Mike McDermott retrieves money from a copy of 'Super/System' in 'Rounders'We’ve already read Doyle’s characterization of hold’em as “the Cadillac of poker” more than once by now.

We’ve seen reference to Amarillo Slim Preston several times, too -- even watched him and Doyle and others in a video in class -- and so recognize the reference when Mike quotes him talking about being able to “shear a sheep many times, but you can skin him only once” (noting how Worm never seemed to have learned that lesson).

We hear Teddy KGB complain about Mike having “alligator blood” at the end of the film, and we remember Johnny Moss saying the same thing about Stu Ungar at the 1981 WSOP near the end of The Biggest Game in Town.

And so on. References to the World Series of Poker resonate, too, since we have already discussed its central place in poker culture at present. And even situations the characters find themselves in throughout the film are mostly recognizable to us by now, having read those histories, short stories, Jesse May’s novel Shut Up and Deal, and watched other films including The Cincinnati Kid and California Split.

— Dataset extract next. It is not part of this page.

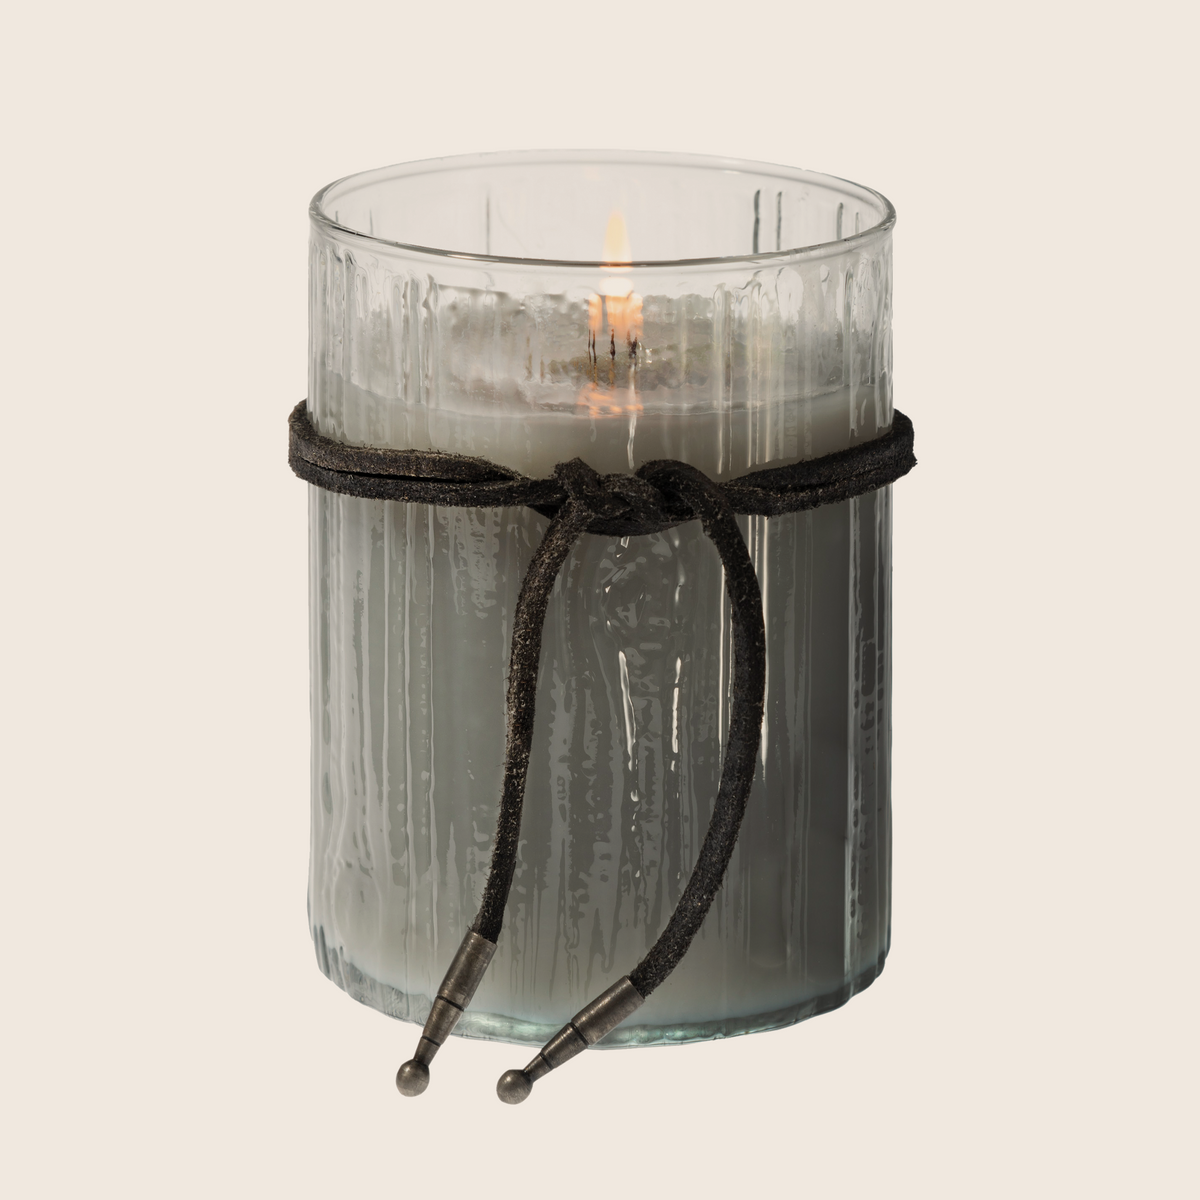 New! Sunkissed Sandalwood - Votive Glass Candle

All of which is to say that while I still wouldn’t put Rounders at the tippy top of my list of poker movies -- or anywhere close to the top of a list of best movies, poker or otherwise -- I am enjoying certain aspects of David Levien and Brian Koppelman’s script more and more. And I especially like the way the film kind of encapsulates so many themes one finds in an extended survey of the culture and history of poker in America.